TASK STATEMENT -
Keep the images out while you set down the data exactly.

DATA BELOW -
▼▼▼

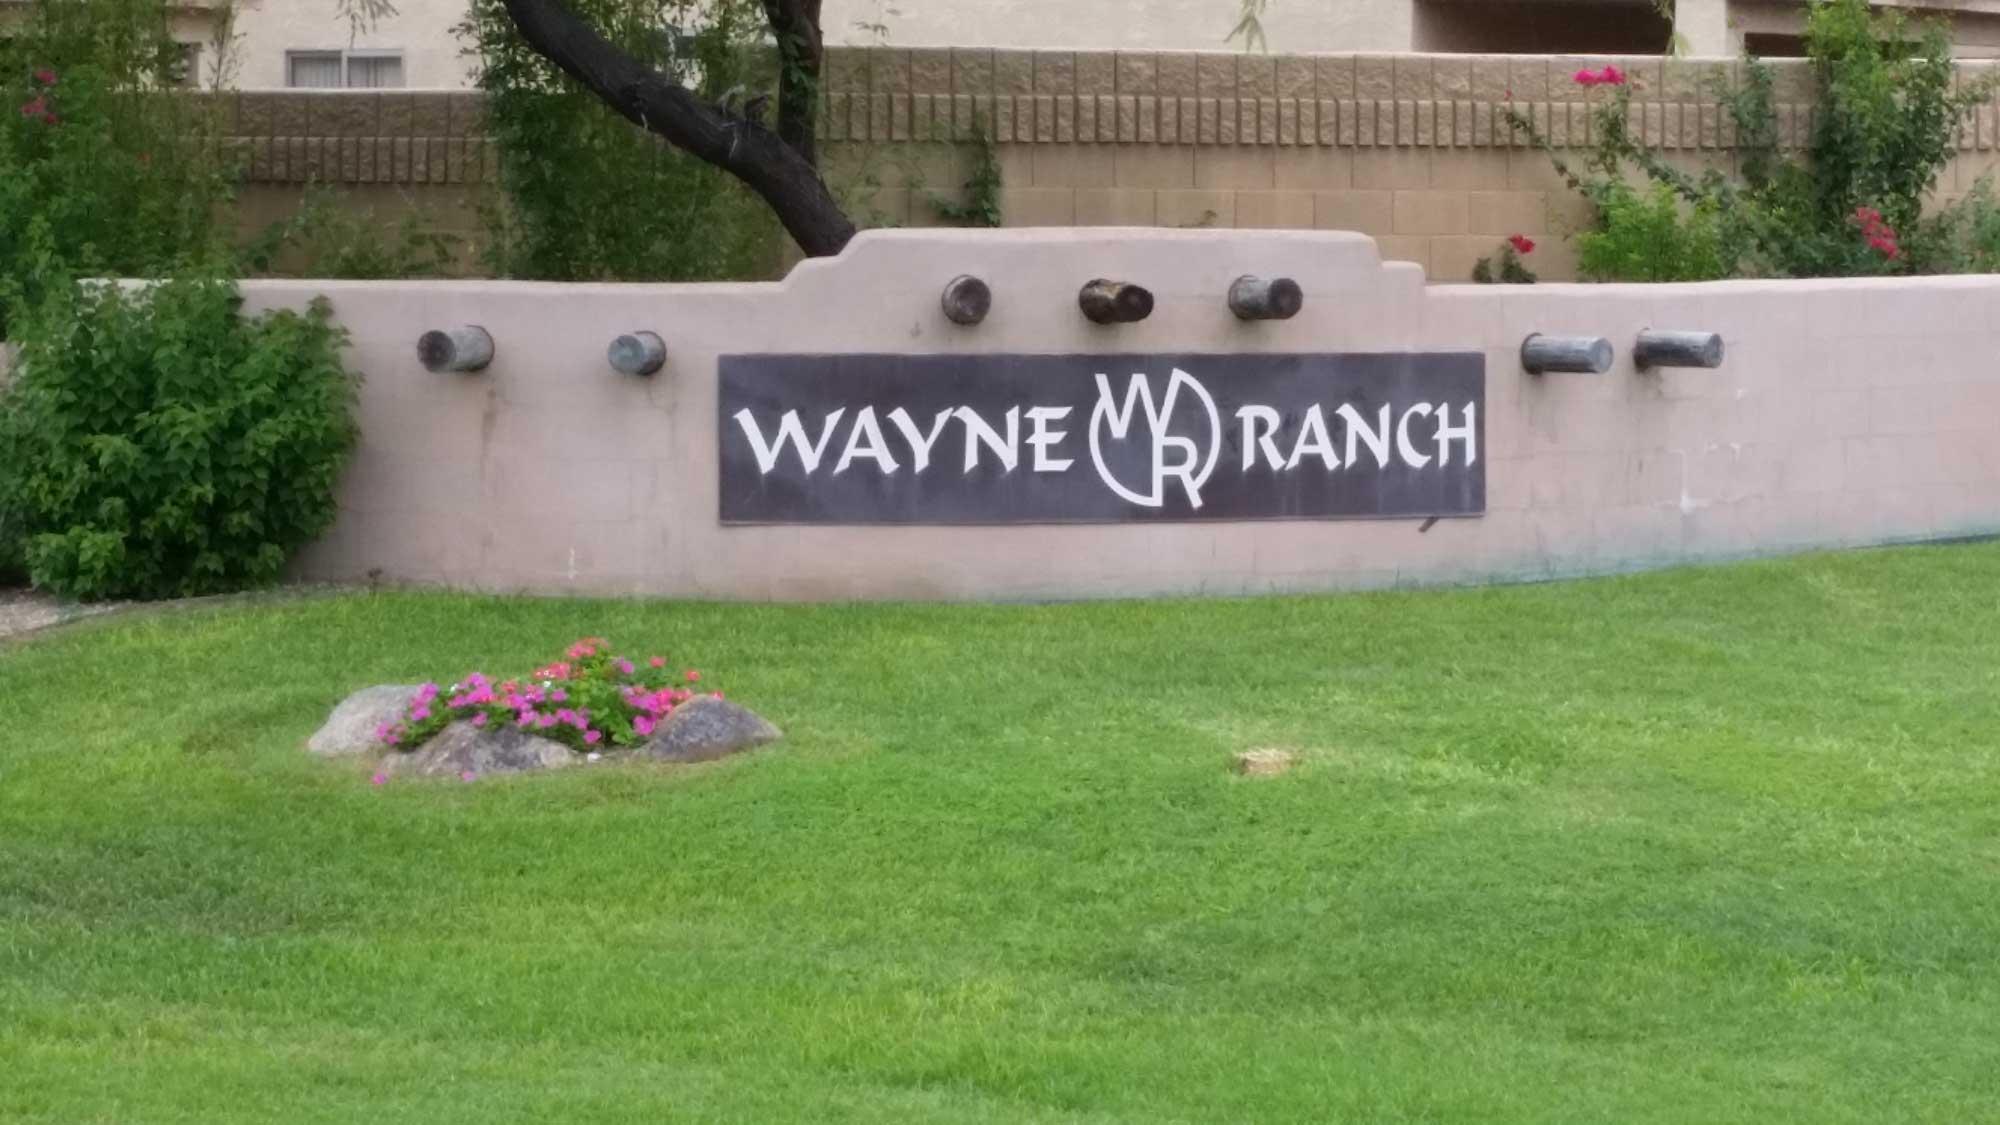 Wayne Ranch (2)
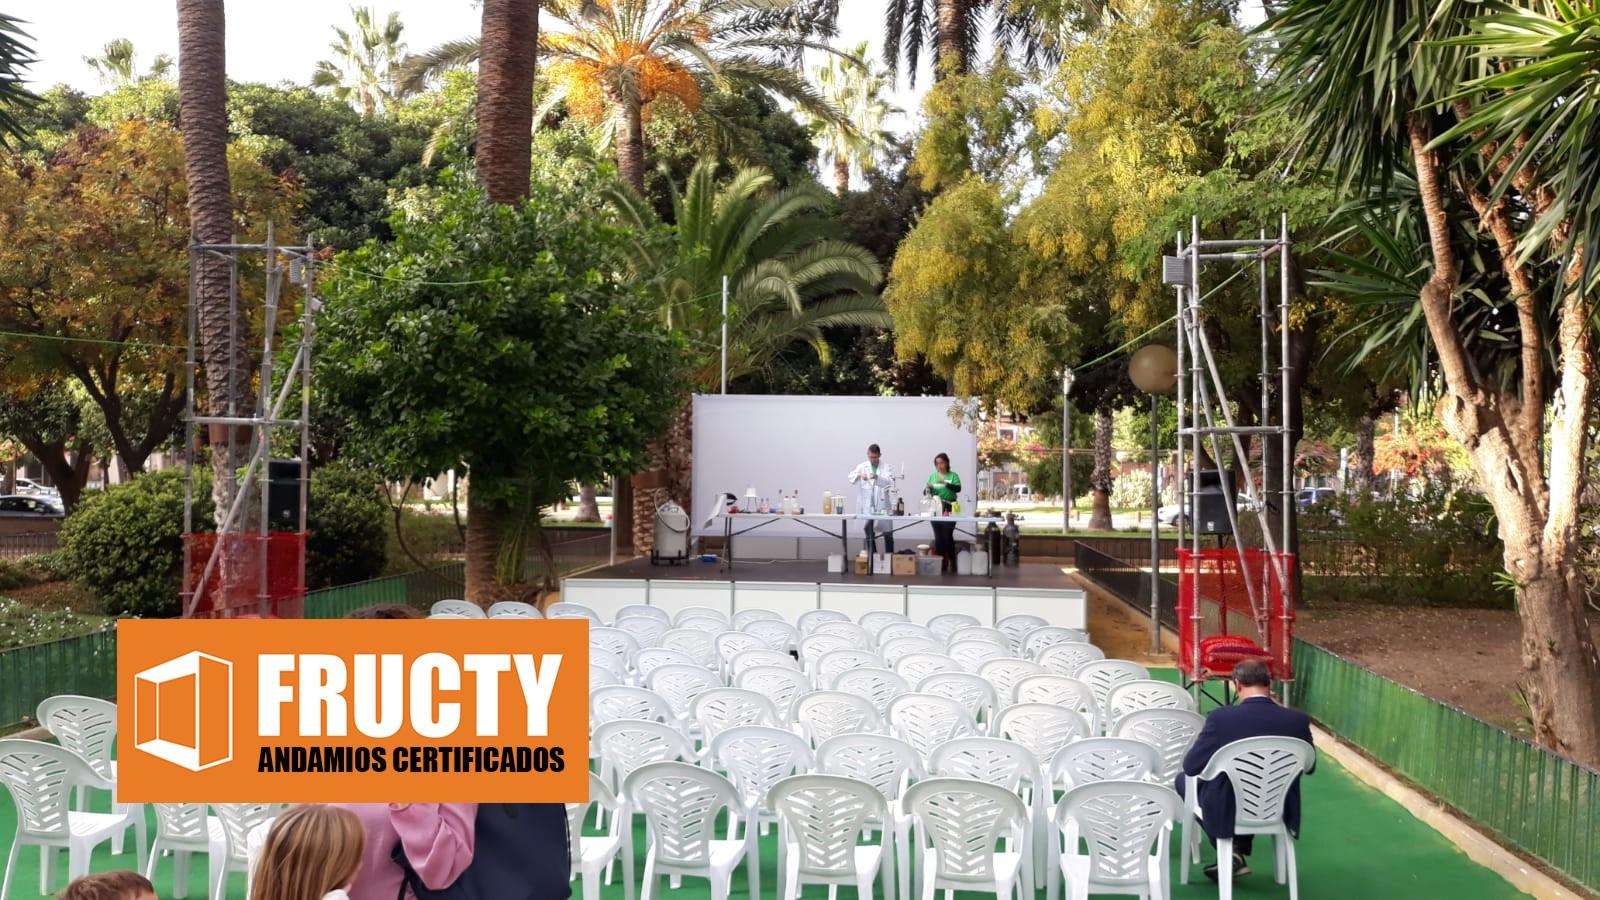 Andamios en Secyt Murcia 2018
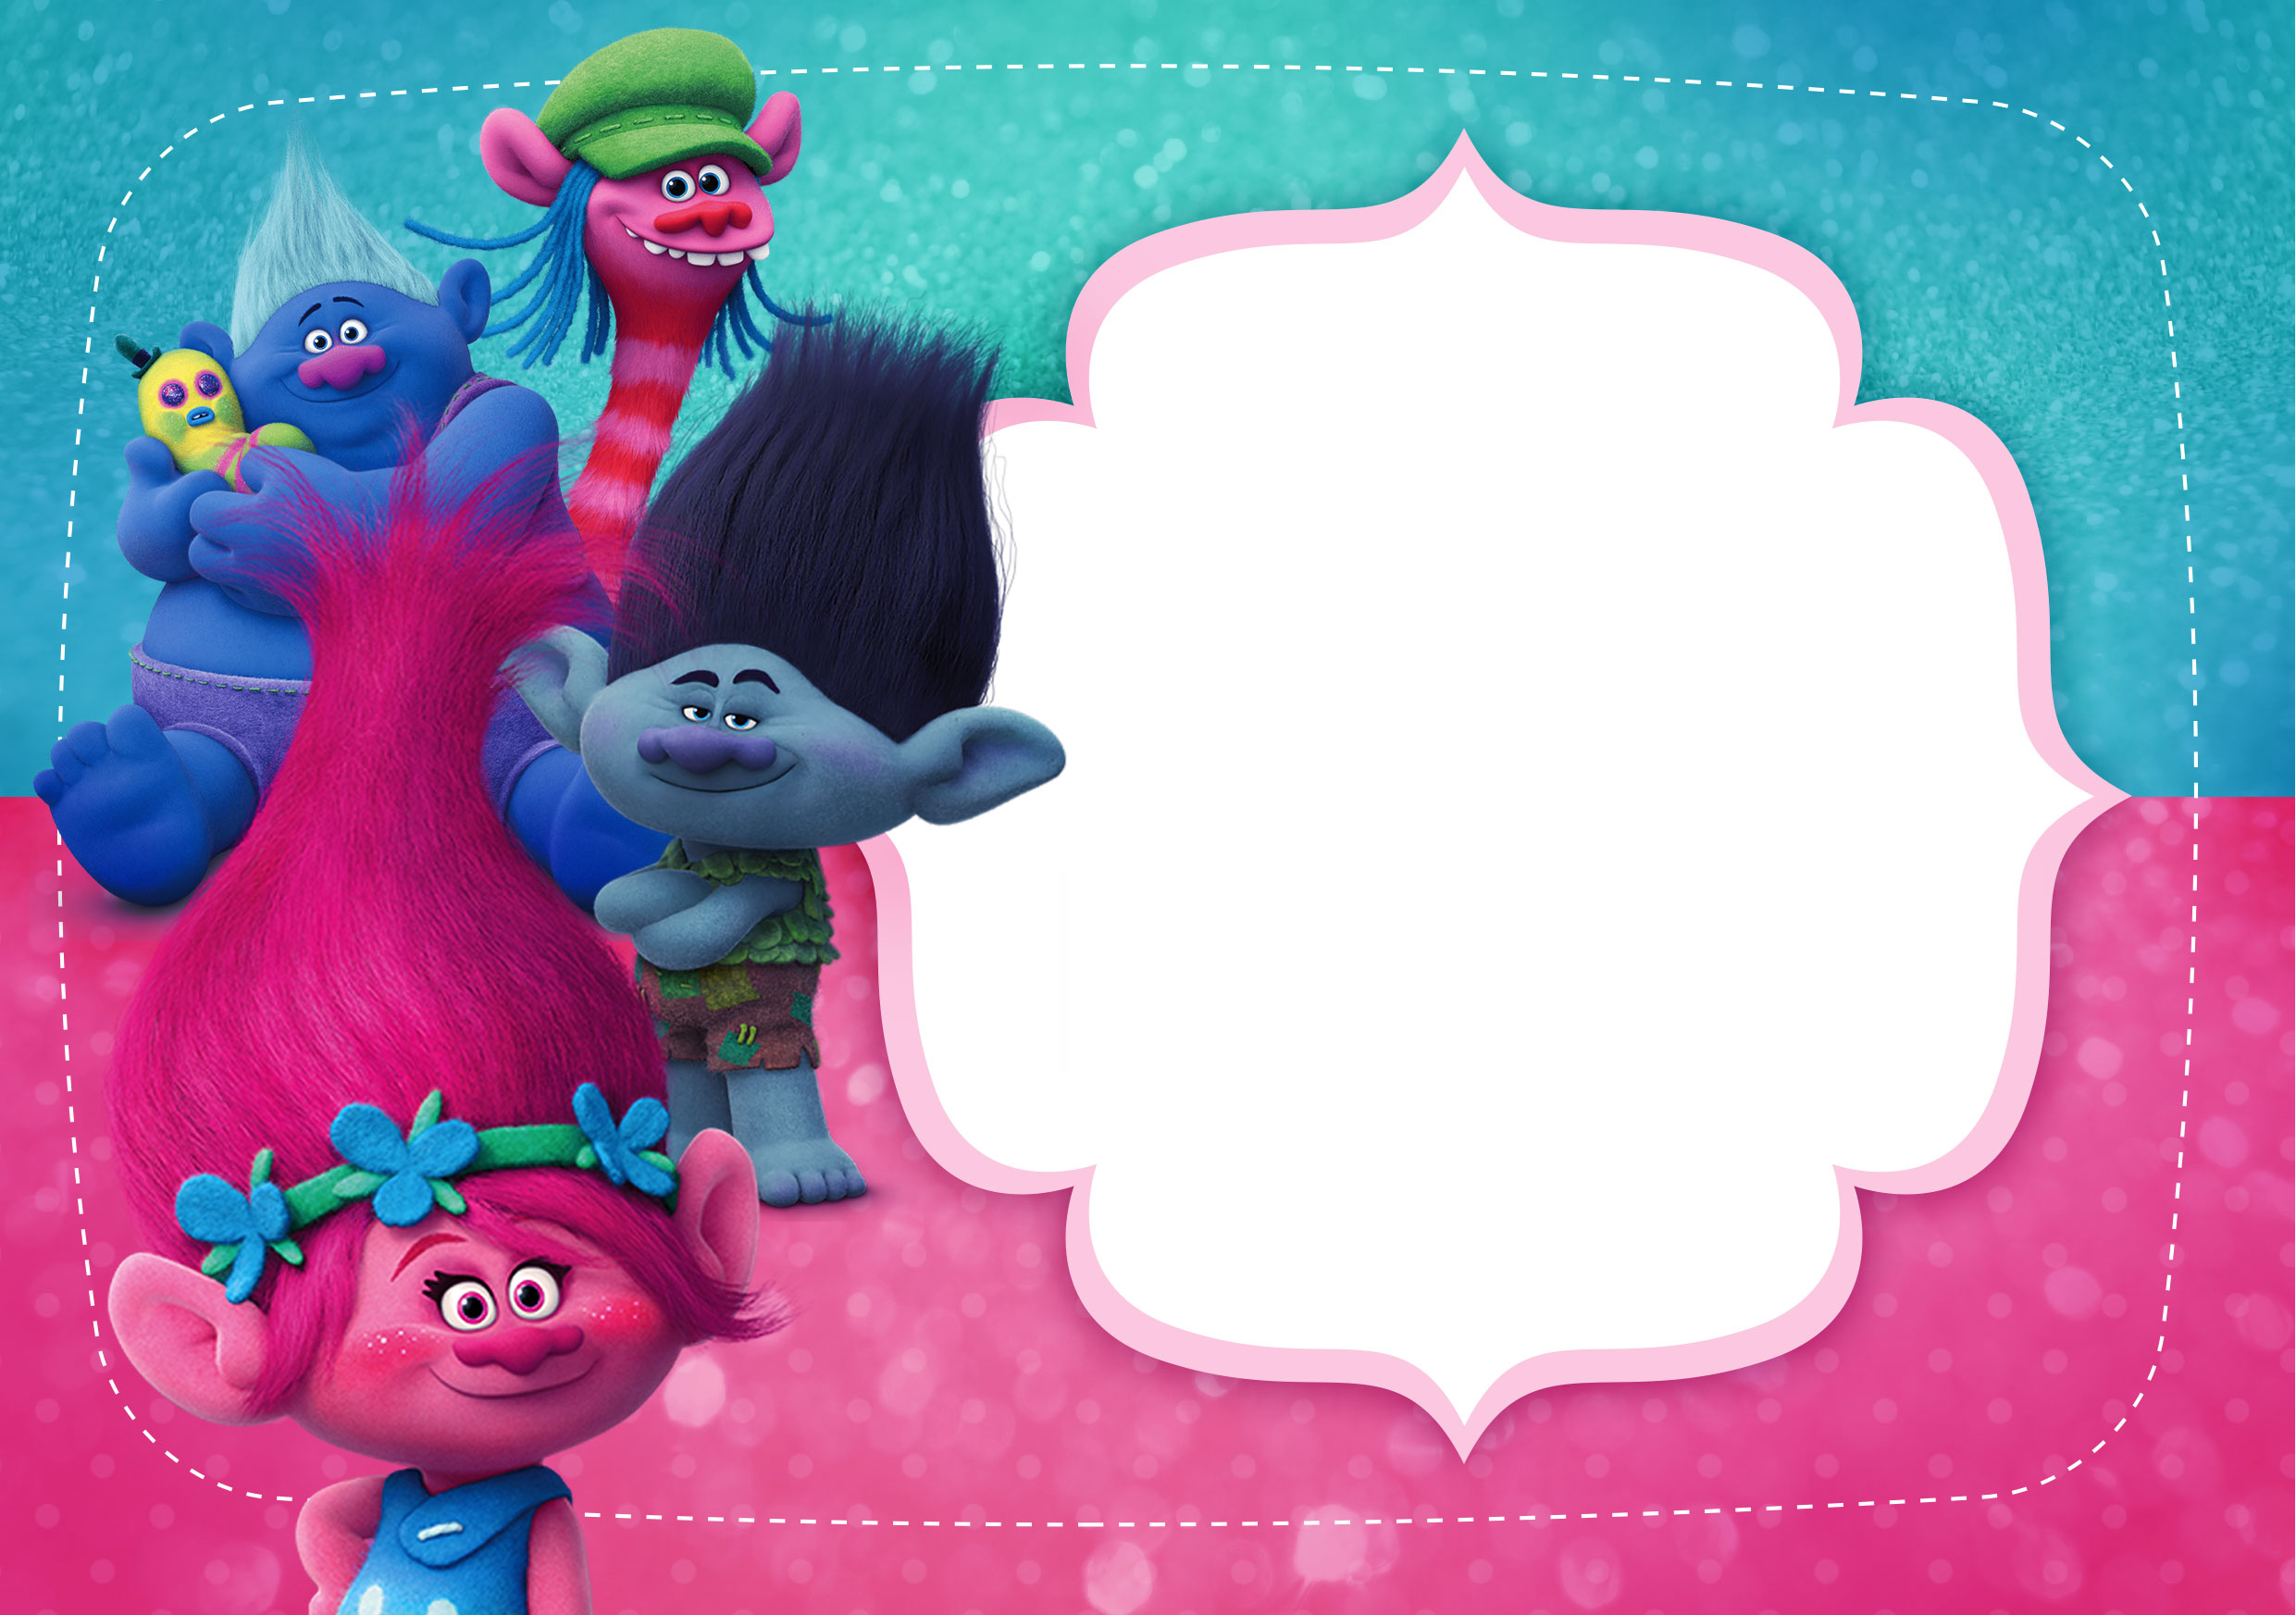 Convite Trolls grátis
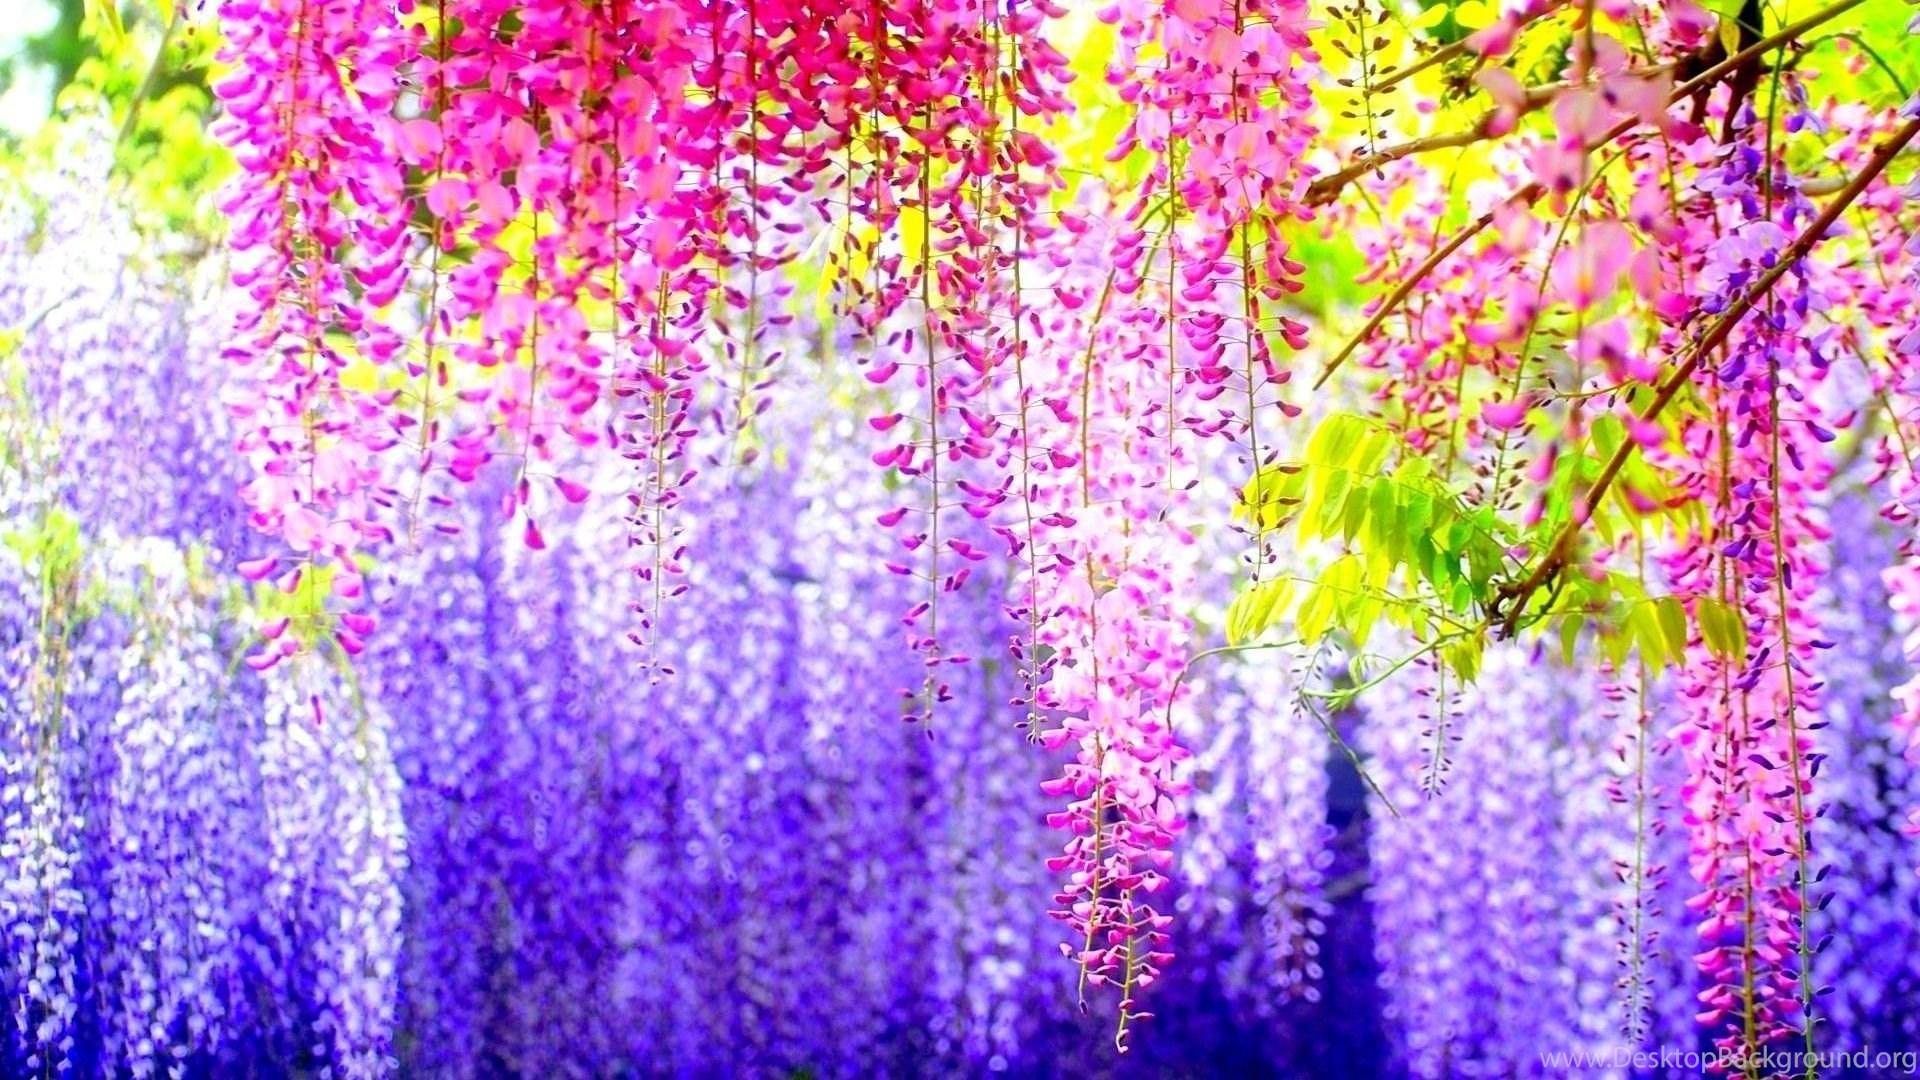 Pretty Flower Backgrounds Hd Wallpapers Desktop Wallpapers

▲▲▲

ANSWER TO THE PROBLEM -
 Wayne Ranch (2)
 Andamios en Secyt Murcia 2018
 Convite Trolls grátis
 Pretty Flower Backgrounds Hd Wallpapers Desktop Wallpapers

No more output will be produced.